0

I have a dataframe like this

0 1 0 1 0 0....
1 1 1 1 0 0
0 0 1 1 0 1
.
.
.

And I want to multiply each of them with a geometric sequence

1, 10, 100, 1000, 10000 ... 10^(n-1)

so the result will be

0 10 0 1000 0 0....
1 10 100 1000 0 0
0 0 100 1000 0 100000
.
.
.

I have tried with

awk '{n=0 ; x=0 ; for (i = 1; i <= NF; i++) if ($i == 1)  {n=10**i ; x = x+n } print x }' test.txt

But the results were not what I expected

enter image description here

SG Kwon
  • 163
  • 1
  • 9
  • 3
    I wonder why many people try to write awk script in one line even if the code contains multiple lines and blocks. It is less readable and makes it hard to debug for him/herself. There are no benefits. Please stop it. – tshiono Oct 27 '21 at 05:49
  • Please, never show text with images. They are not searchable, not copy-paste-able and much heavier than needed. Copy-paste the text in your question and [format it properly](https://stackoverflow.com/help/formatting), instead. – Renaud Pacalet Oct 27 '21 at 06:23
  • 2
    @tshiono, its a myth honestly, even most of the people around me I know often ask me to give a one-liner `awk` code only :). May be over the period people have written so many one liners that everybody thinks only one liners can be written with `awk` :) So I don't blame users on it :) But yes we should not write big one-liners with `awk` though its possible but very difficult to read and maintain, cheers. – RavinderSingh13 Oct 27 '21 at 06:25
  • 1
    @RavinderSingh13 I do appreciate your polite comment. I understand. – tshiono Oct 27 '21 at 06:49

4 Answers4

3

With GNU awk:

awk '{for (i=1; i<=NF; i++){if($i==1){n=10**(i-1); $i=$i*n}} print}' test.txt

Output:

0 10 0 1000 0 0
1 10 100 1000 0 0
0 0 100 1000 0 100000
Cyrus
  • 84,225
  • 14
  • 89
  • 153
2

Note: In this answer, we always assume single digits per column

There are a couple of things you have to take into account:

  1. If you have a sequence given by:

    a b c d e
    

    Then the final number will be edcba

  2. awk is not aware of integers, but knows only floating point numbers, so there is a maximum number it can reach, from an integer perspective, and that is 253 (See biggest integer that can be stored in a double). This means that multiplication is not the way forward. If we don't use awk, this is still valid for integer arithmetic as the maximum value is 264-1 in unsigned version.

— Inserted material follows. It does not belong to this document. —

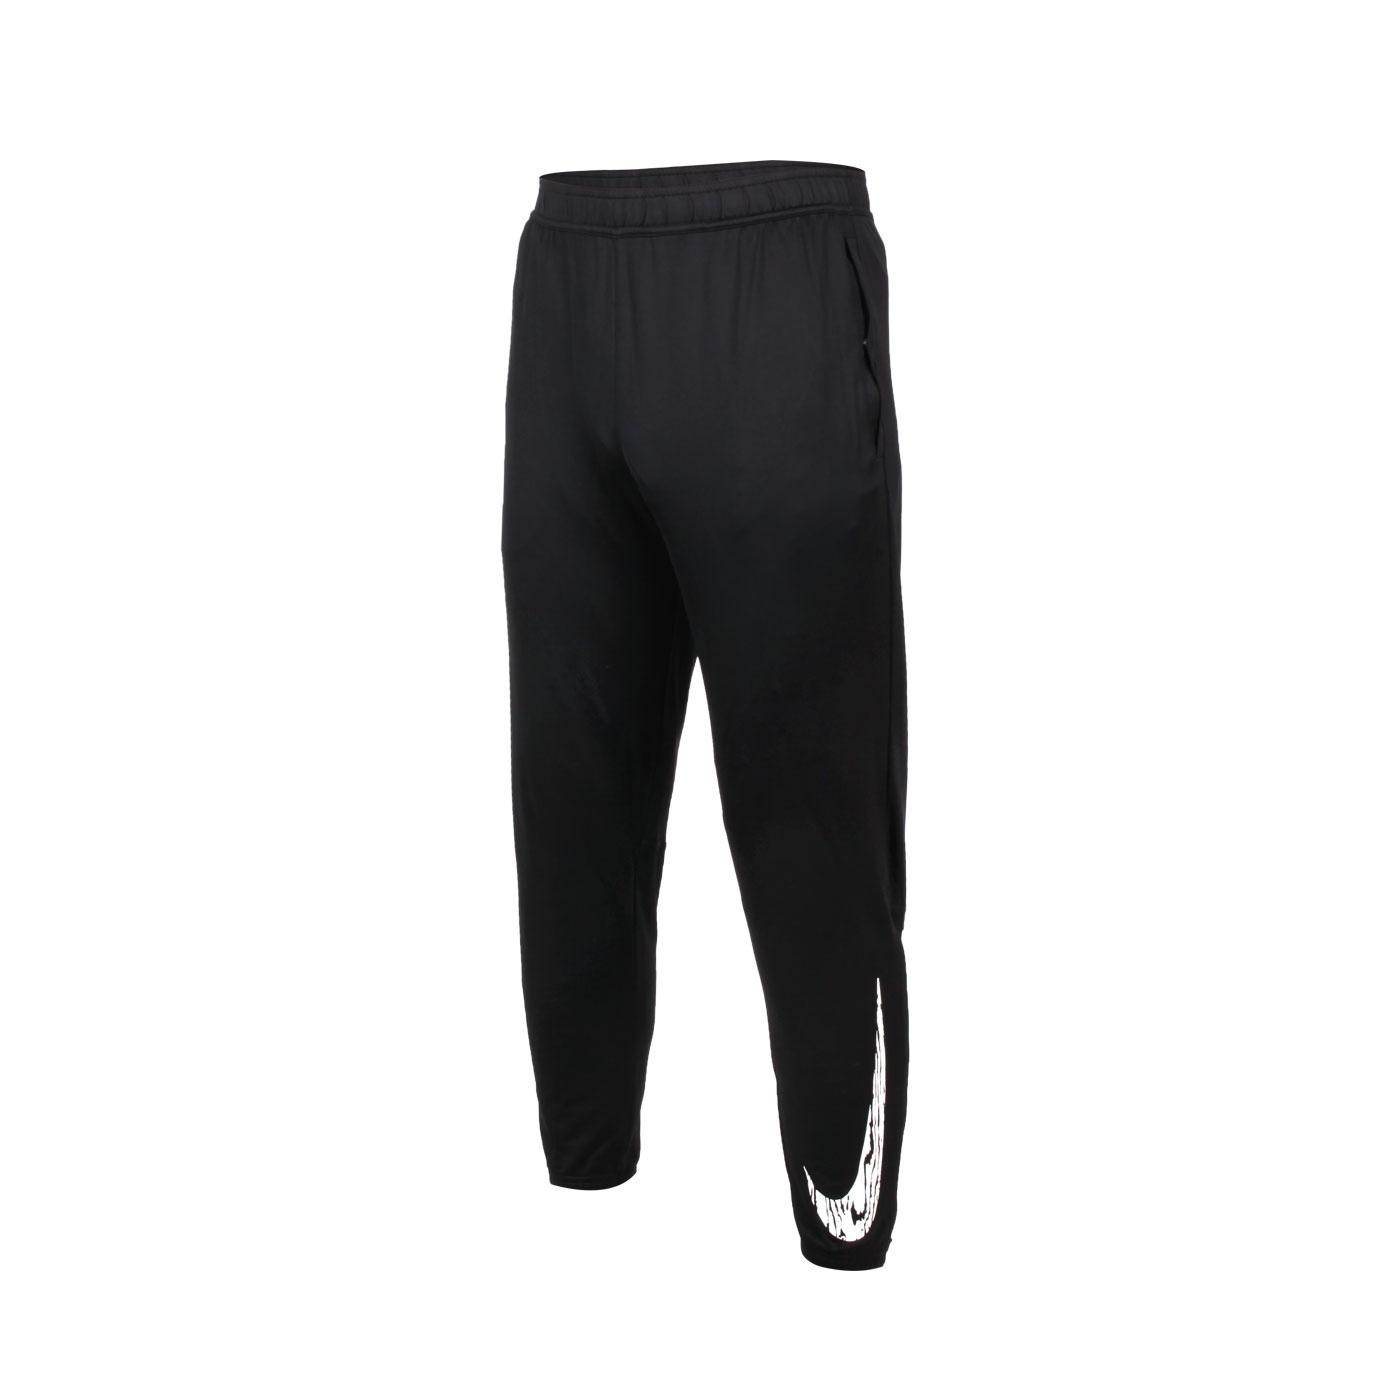 NIKE 男款針織運動長褲 DA0165-010 - 黑白

Having that said, it is better to just write the number with n places and use 0 as a delimiter. Example, if you want to compute 3 × 104, you can do;

awk 'BEGIN{printf "%0.*d",4+1,3}' | rev

Here we make use of rev to reverse the strings (00003 → 30000)

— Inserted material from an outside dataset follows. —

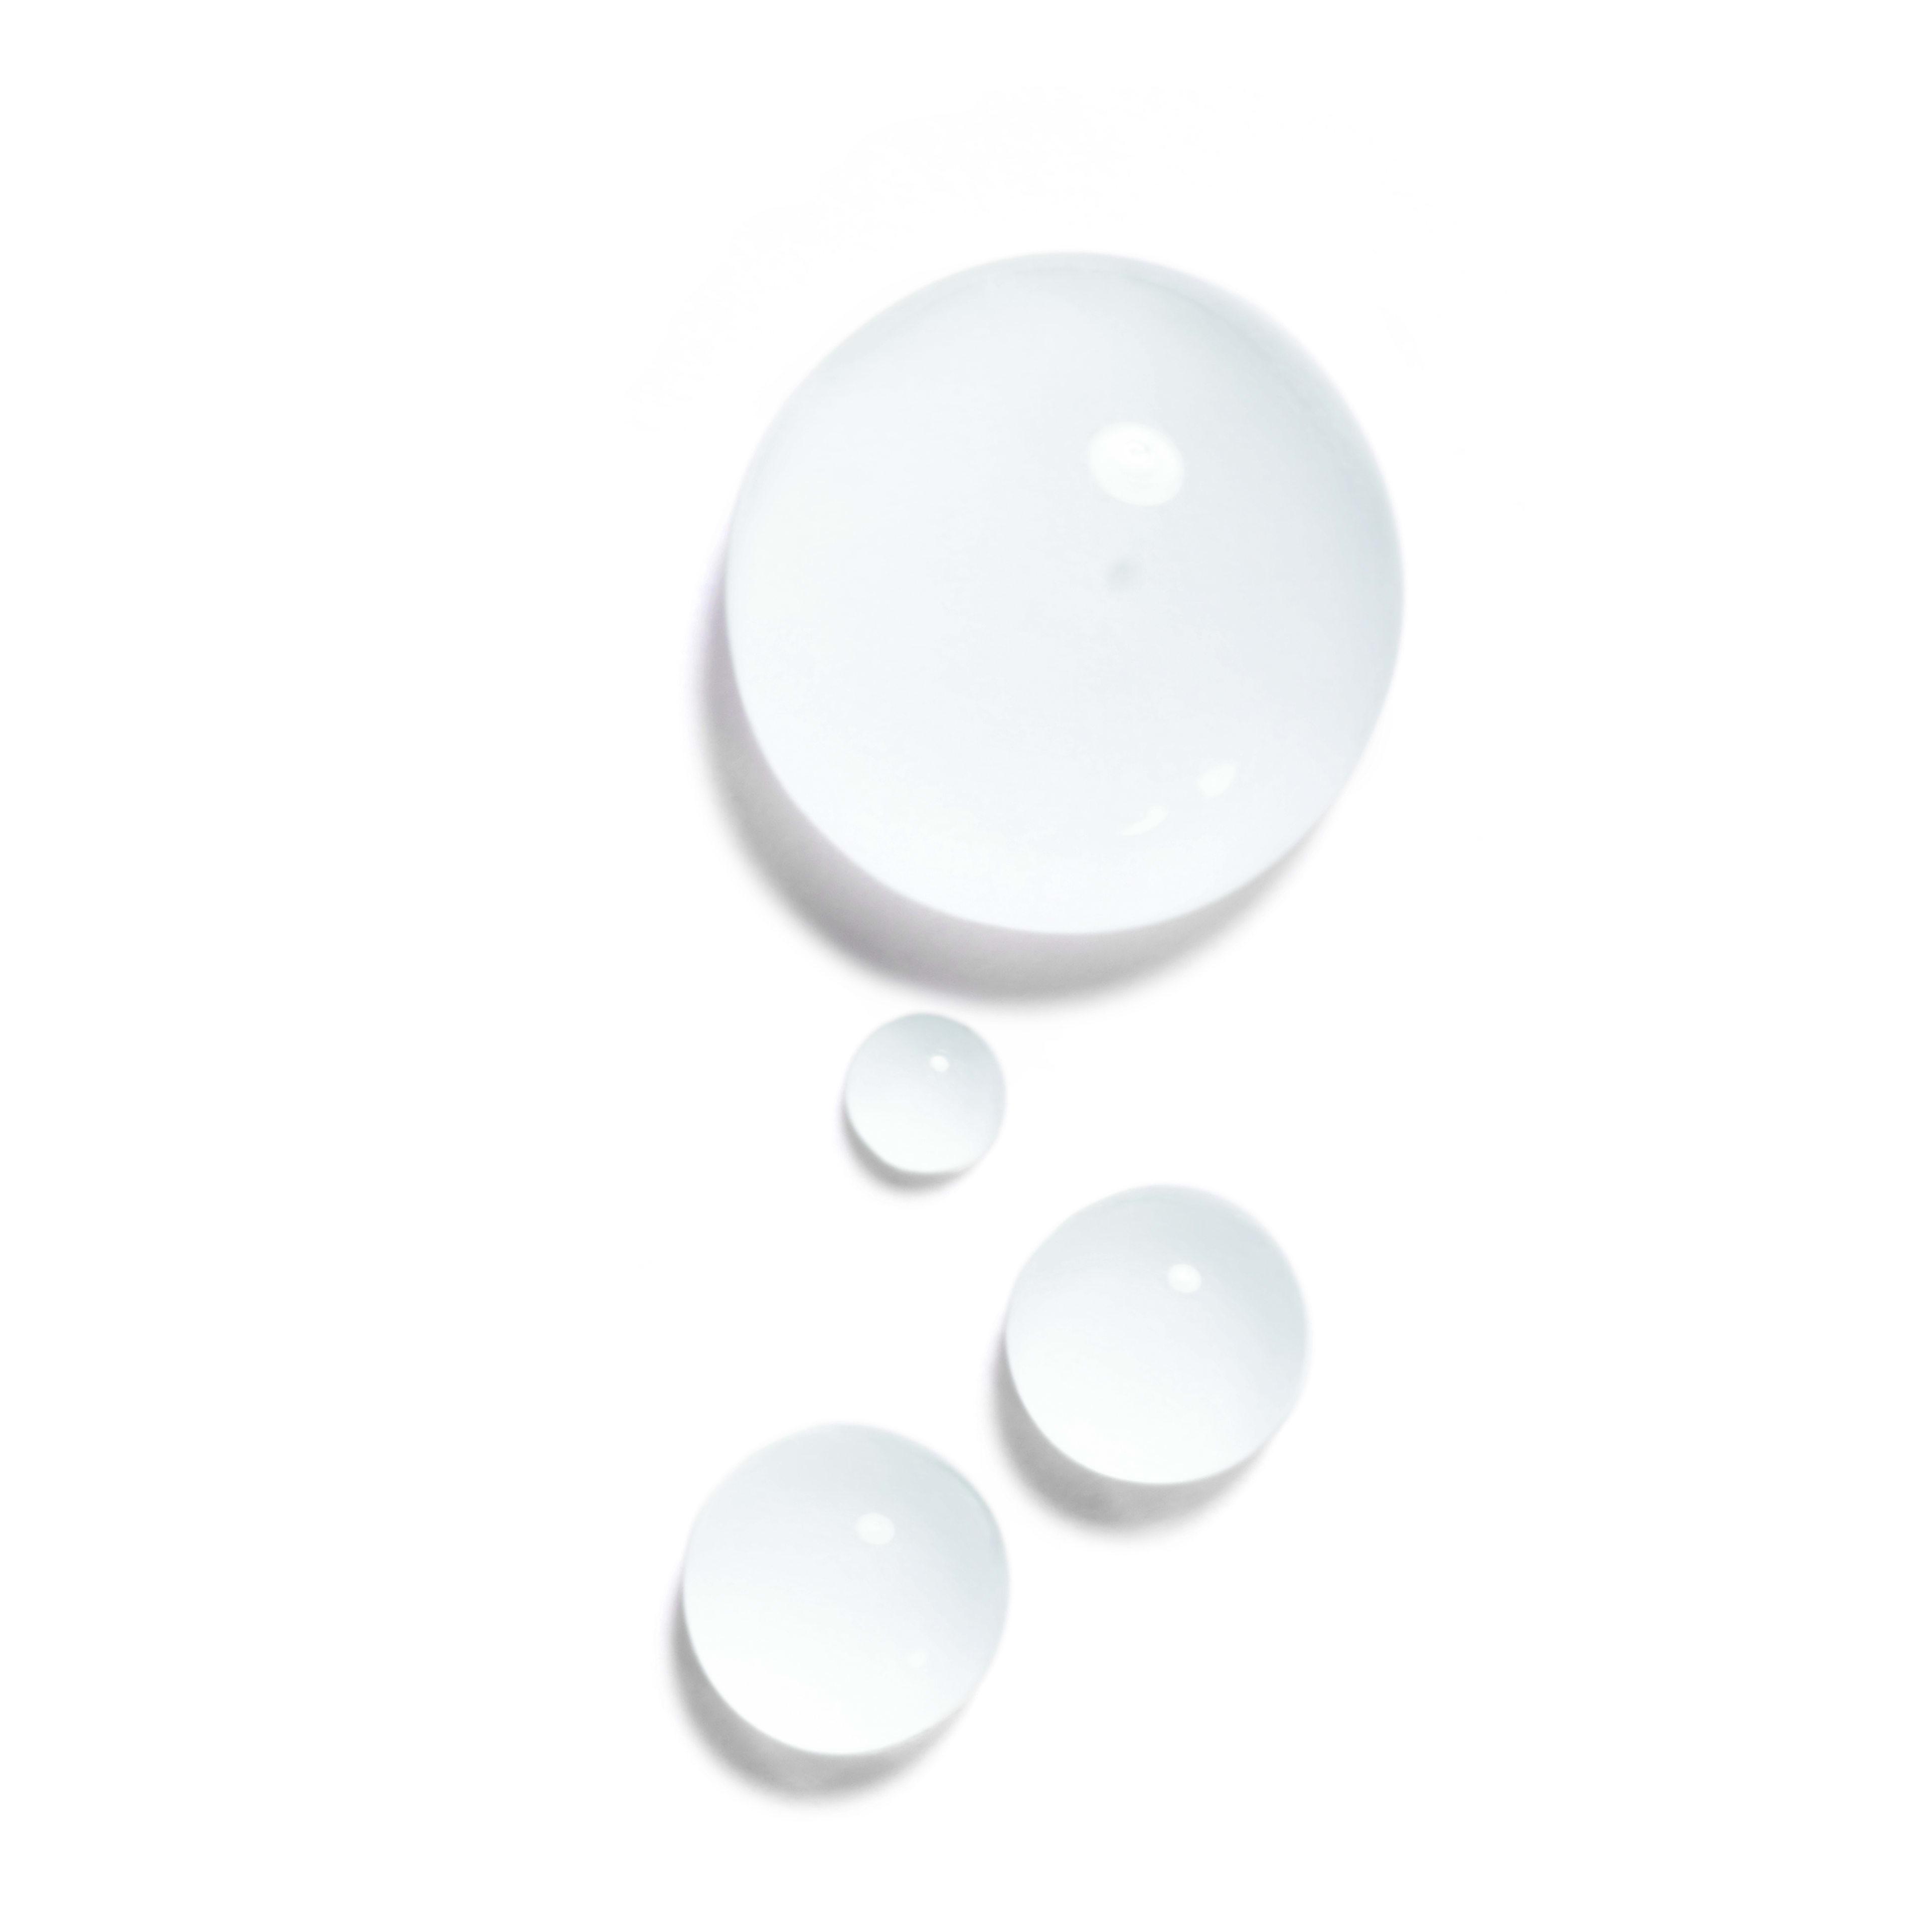 ALLURE HOMME SPORT - fragrance - 3.4FL. OZ. -                                                                 alternative view - see full sized version

Solution 1: In the OP, the code alludes to the fact that the final sum is requested (a b c d eedcba). So we can just do the following:

sed 's/ //g' file | rev
awk -v OFS="" '{$1=$1}1' file | rev

If you want to get rid of the possible starting zero's you can do:

sed 's/ //g;s/^0*//; file | rev

Solution 2: If the OP only wants the multiplied columns as output, we can do:

awk '{for(i=NF;i>0;--i) printf("%0.*d"(i==1?ORS:OFS),i,$i)}' file | rev

Solution 3: If the OP only wants the multiplied columns as output and the sum:

awk '{ s=$0;gsub(/ /,"",s); printf s OFS }
     { for(i=NF;i>0;--i) printf("%0.*d"(i==1?ORS:OFS),i,$i)} }
    ' | rev
kvantour
  • 25,269
  • 4
  • 47
  • 72
  • Up-voted for the nice ideas and taking the overflow problem into account. But the last `awk` script is syntactically incorrect and, even if fixed, does not do what the OP want. For an input line like `0 1 1 0 1` the OP want `0 10 100 0 10000`. – Renaud Pacalet Oct 27 '21 at 14:37
  • Based on your ideas I think that the following would do what the OP want, without the overflow problem: `awk '{for(i=1;i<=NF;i++)$i=$i?sprintf("%s%0.*d",$i,i-1,0):$i} 1' test.txt`. – Renaud Pacalet Oct 27 '21 at 14:47
  • @RenaudPacalet I've fixed the issues you indicated. – kvantour Oct 28 '21 at 07:53
  • I do not know what version of `awk` you are using but with GNU `awk` and BSD `awk` your first `awk` program (`awk 'BEGIN{printf "%s0.*d",4+1,3}'`) outputs `50.*d`, not `00003`. – Renaud Pacalet Oct 28 '21 at 08:00
  • @RenaudPacalet Yea, there was a typo. Fixed now. – kvantour Oct 28 '21 at 08:57
1

What you wrote is absolutely not what you want. Your awk program parses each line of the input and computes only one number per line which happens to be 10 times the integer you would see if you were writing the 0's and 1's in reverse order. So, for a line like:

1 0 0 1 0 1

your awk program computes 10+0+0+10000+0+1000000=1010010. As you can see, this is the same as 10 times 101001 (100101 reversed).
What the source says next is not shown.